A federal district court judge in Texas ruled this week that Obamacare regulations mandating medical facilities provide abortion and transgender care services violates the rights of private health care providers and insurers who do not facilitate such services because of their religious beliefs.
In his ruling on Tuesday, Judge Reed O’Connor effectively made permanent the preliminary injunction he issued in December 2016 that prevented the Department of Health and Human Services (HHS) from applying the Obama administration’s re-definition of “sex” discrimination to include denying persons access to transgender care and abortions.
Christian health provider Franciscan Alliance joined a group of states and religious plaintiffs and filed a lawsuit in August 2016 claiming that the federal Office of Civil Rights’(OCR) re-definition of discrimination “on the basis of sex” to include “gender identity” and “termination of pregnancy” violated the Religious Freedom Restoration Act (RFRA).

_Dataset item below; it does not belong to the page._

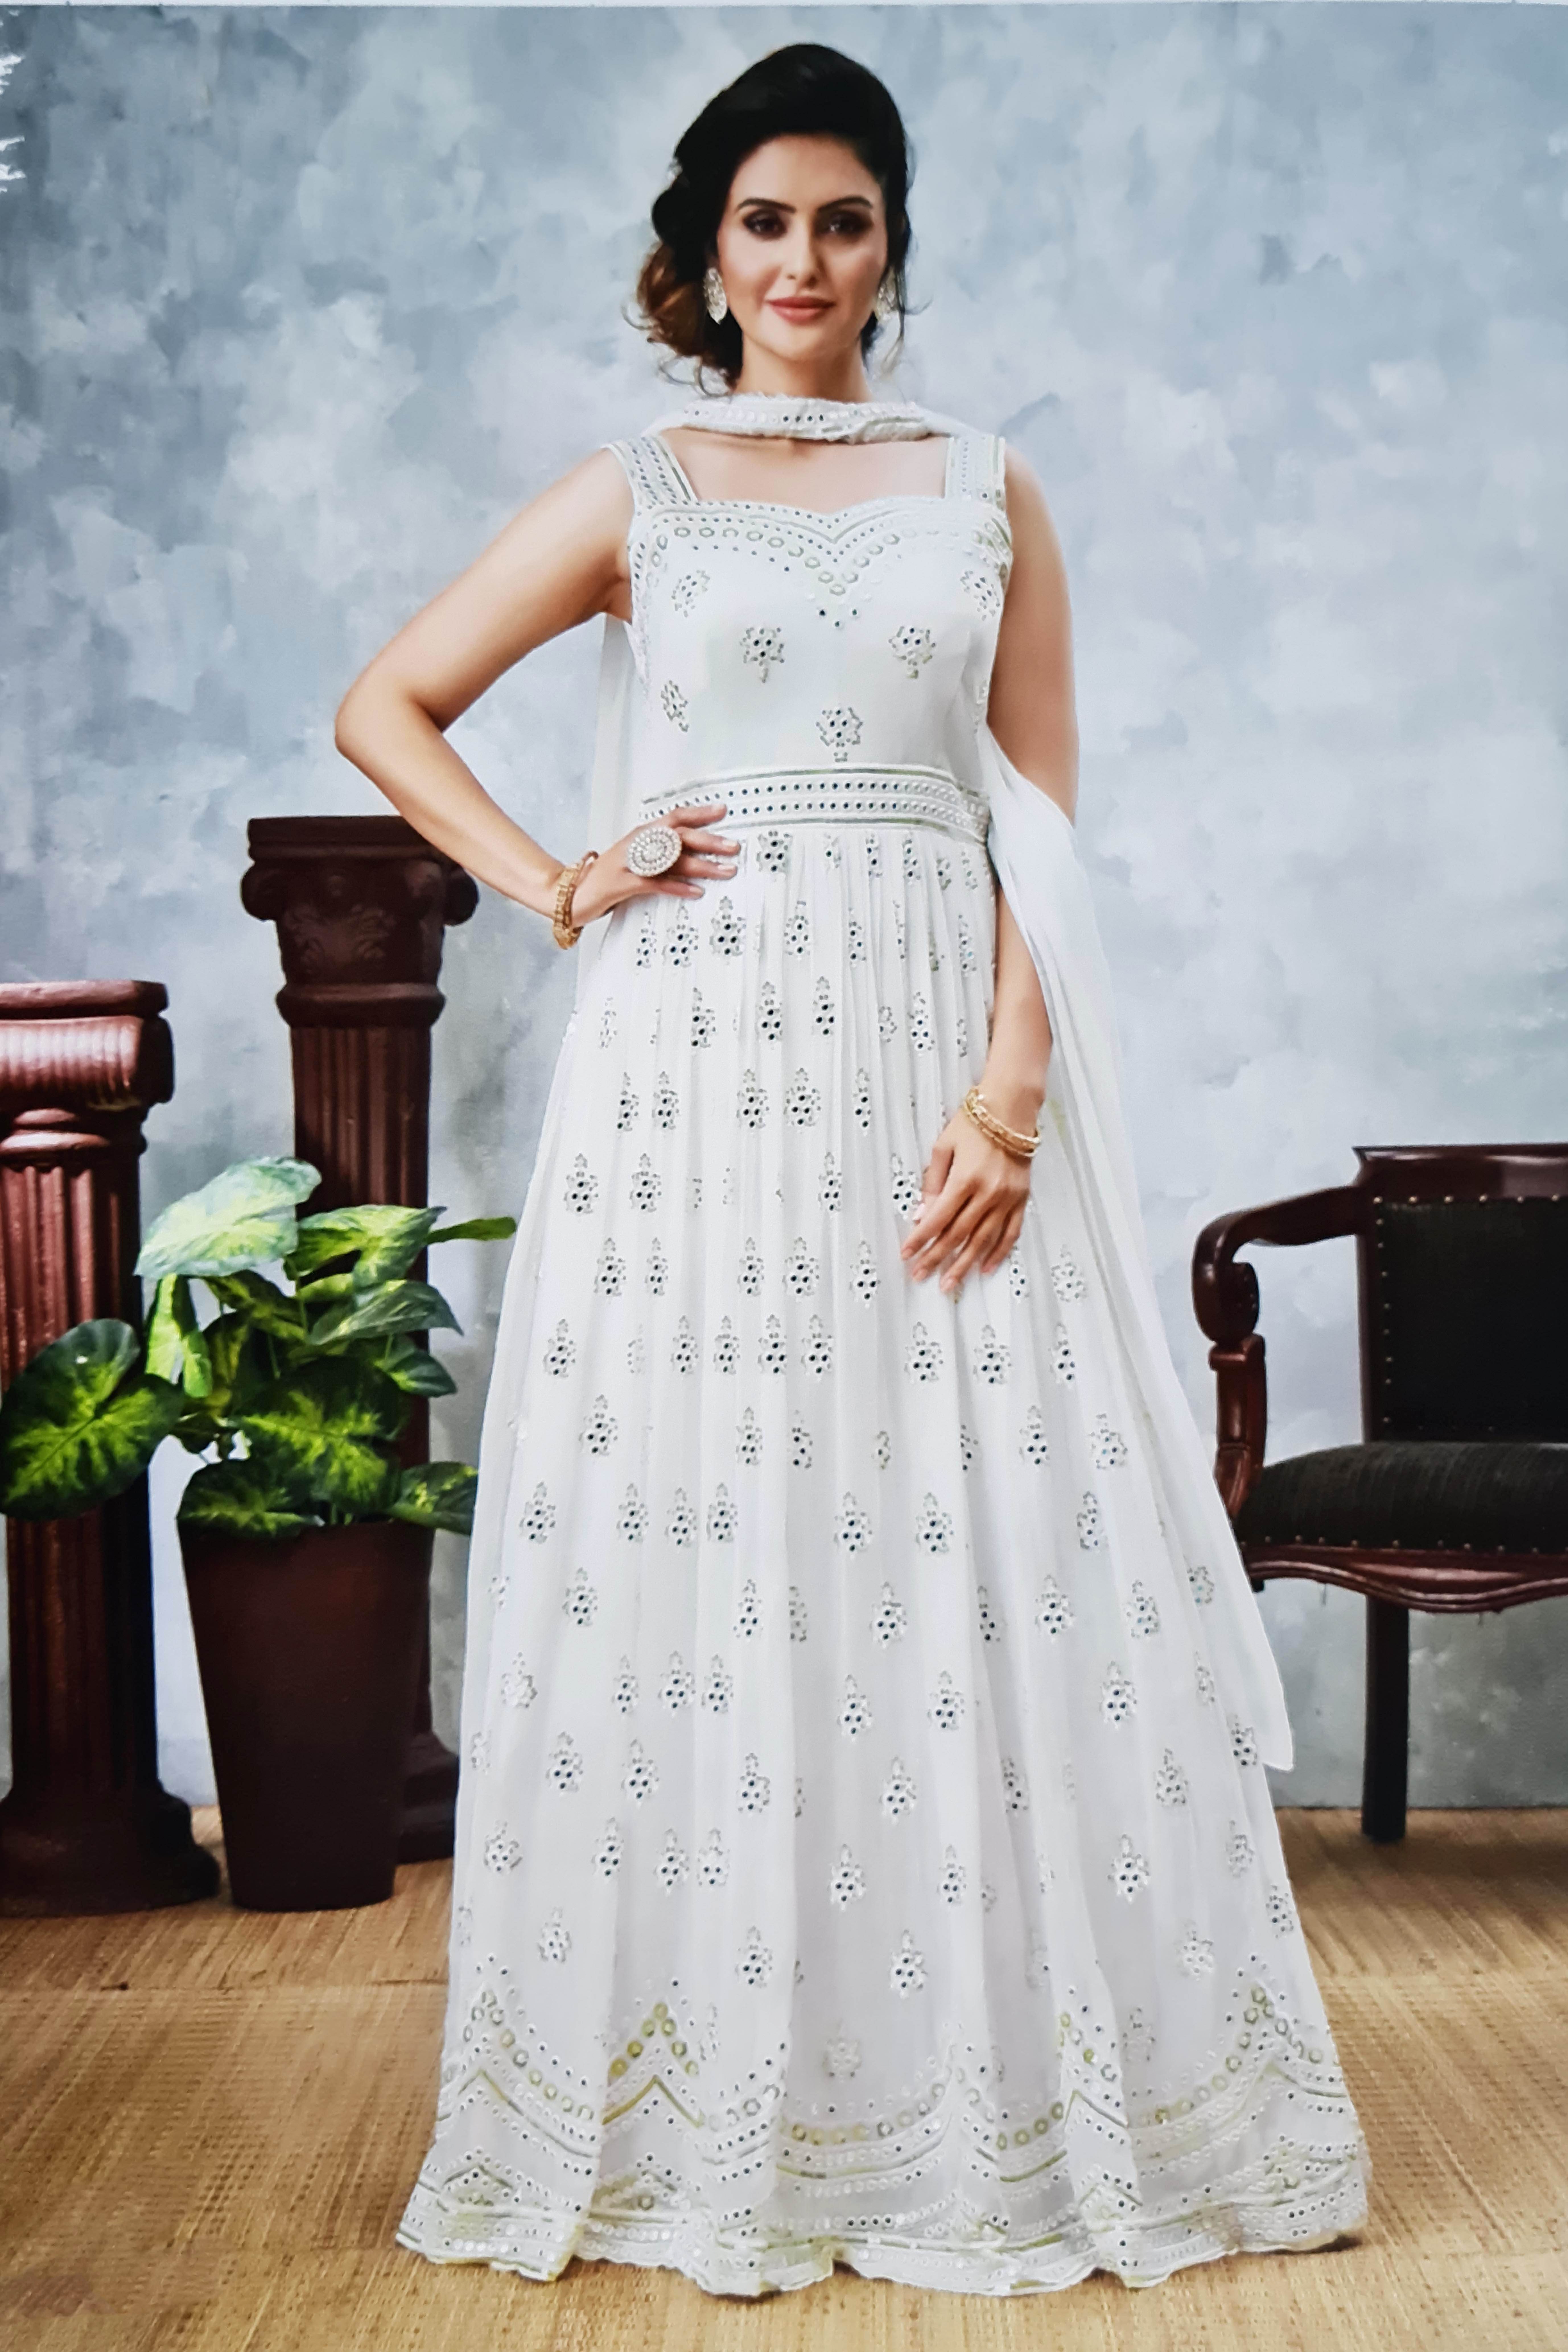 Buy Raabta Fashion Women Plain White Dress at shopclues.com

O’Connor also ruled that the Affordable Care Act (ACA) requirement, coupled with the OCR’s expanded definition of “sex” as a protected class to include LGBTQ persons, created a “substantial burden” on health care providers and insurers to perform and cover gender transition procedures and abortions in violation of their religious beliefs.
In his Oct. 15 opinion, O’Connor stated further that the federal government failed to cite a compelling governmental interest to support the inclusion of gender identity and termination of pregnancy in its “sex” discrimination prohibitions.

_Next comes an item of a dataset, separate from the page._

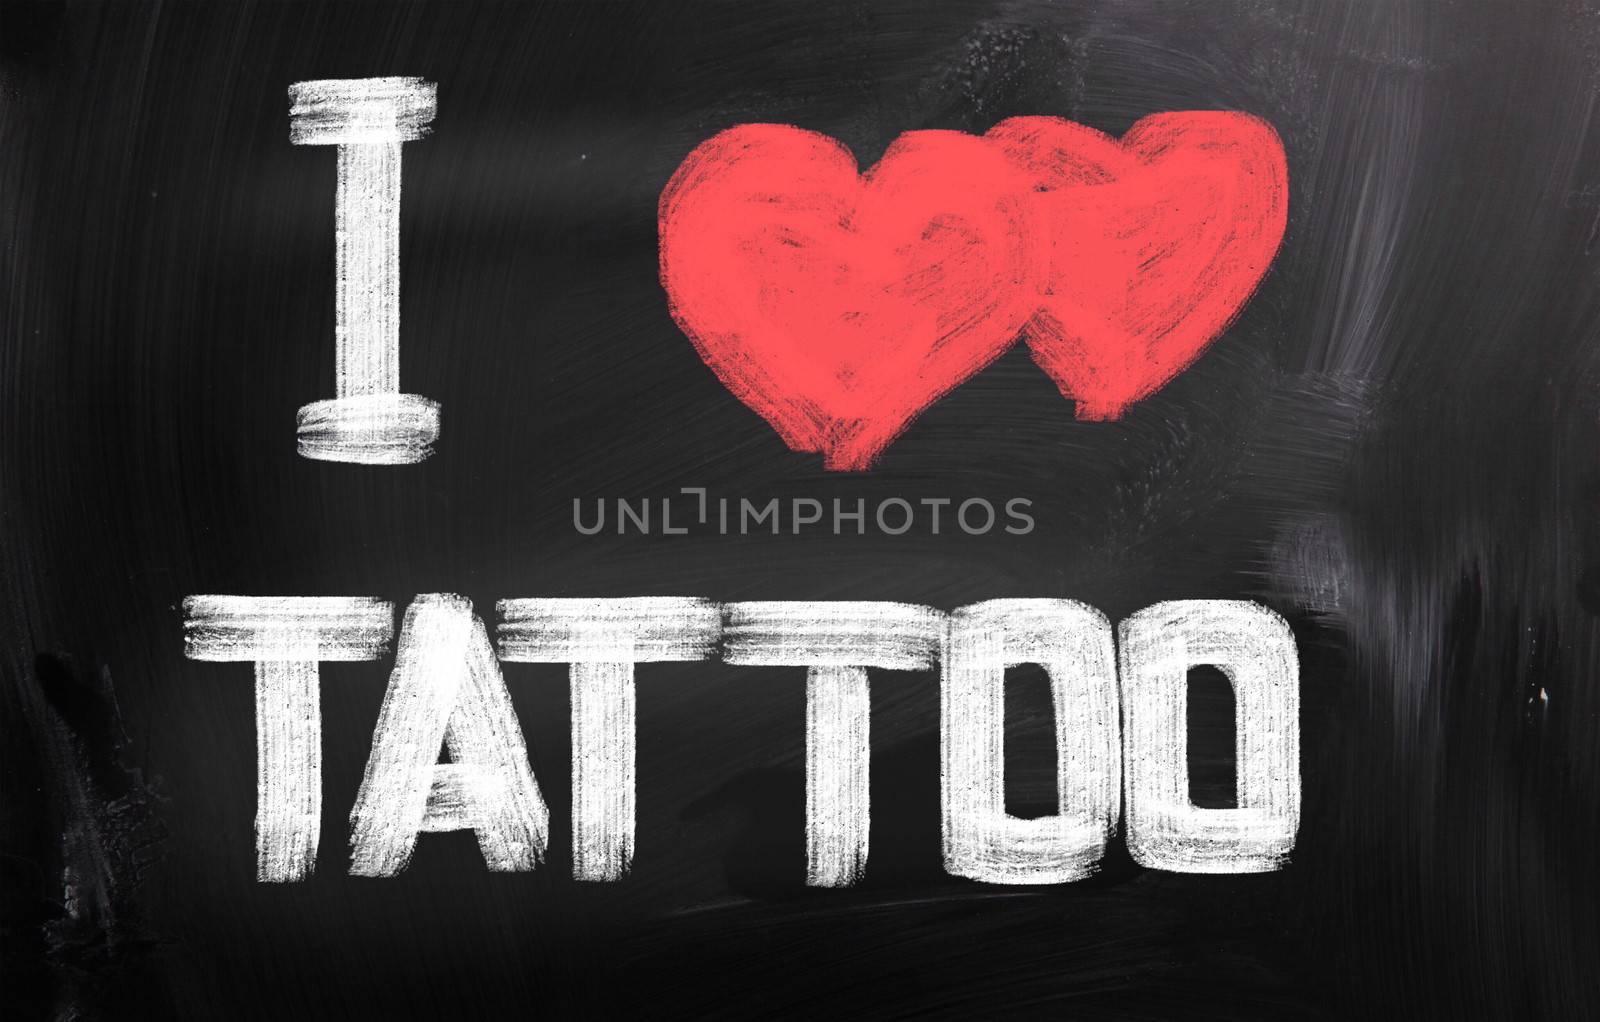 I Love Tattoo Concept

In a written statement, Texas Attorney General Ken Paxton praised the ruling: “HHS lacked the legal authority to re-write a number of federal laws that prevent sex discrimination and protect religious freedom, especially when it sought to do so by forcing doctors to perform—and American taxpayers to pay for—controversial medical procedures that are contrary to the religious and moral beliefs of millions across our nation.”
O’Connor’s ruling is expected to be appealed by the American Civil Liberties Union (ACLU) to the U.S. Fifth Circuit Court of Appeals.
Meanwhile, the Supreme Court last week heard oral arguments on whether the prohibition of sex discrimination under Title VII of the Civil Rights Act includes discrimination based on sexual orientation or gender identity. A ruling by the high court is expected next summer and could have implications on O’Connor’s ruling.